The core implementation uses a vector database as the cache store:
import numpy as np
from redis import Redis
from redis.commands.search import SearchCommands
from sentence_transformers import SentenceTransformer
class SemanticCache:
def __init__(self, model_name="all-MiniLM-L6-v2",
similarity_threshold=0.85):
self.model = SentenceTransformer(model_name)
self.redis = Redis(host='localhost', port=6379)
self.threshold = similarity_threshold
def _embed(self, query: str) -> np.ndarray:
return self.model.encode(query).astype(np.float32)

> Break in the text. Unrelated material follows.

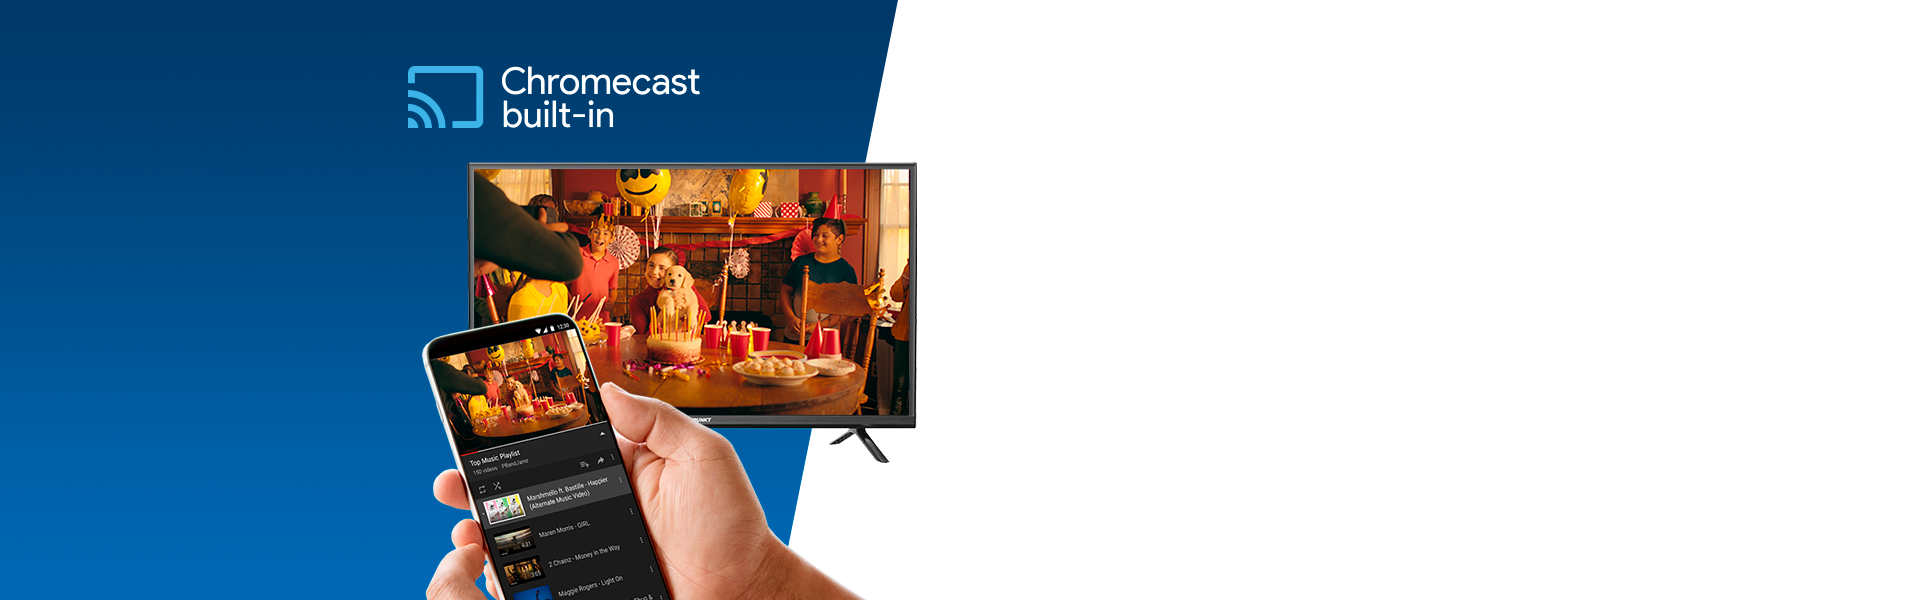 Full-HD Android TV Blaupunkt 32FB5000

def get_cached_response(self, query: str) -> str | None:
embedding = self._embed(query)
results = self.redis.ft("idx:queries").search(
f"*=>[KNN 1 @embedding $vec AS score]",
query_params={"vec": embedding.tobytes()},
)
if not results:
return None
top_result = results[0]
similarity = 1 - top_result.score # Redis KNN returns distance
if similarity >= self.threshold:
return top_result.payload
return None
def store_response(self, query: str, response: str, ttl: int = 3600):
embedding = self._embed(query)
self.redis.hset(f"cache:{query[:100]}", mapping={
"embedding": embedding.tobytes(),
"response": response
})
self.redis.expire(f"cache:{query[:100]}", ttl)
Failure Modes:
- Embedding drift: Cached responses become semantically misaligned with newer queries as models evolve. Mitigation requires cache TTL limits and periodic invalidation.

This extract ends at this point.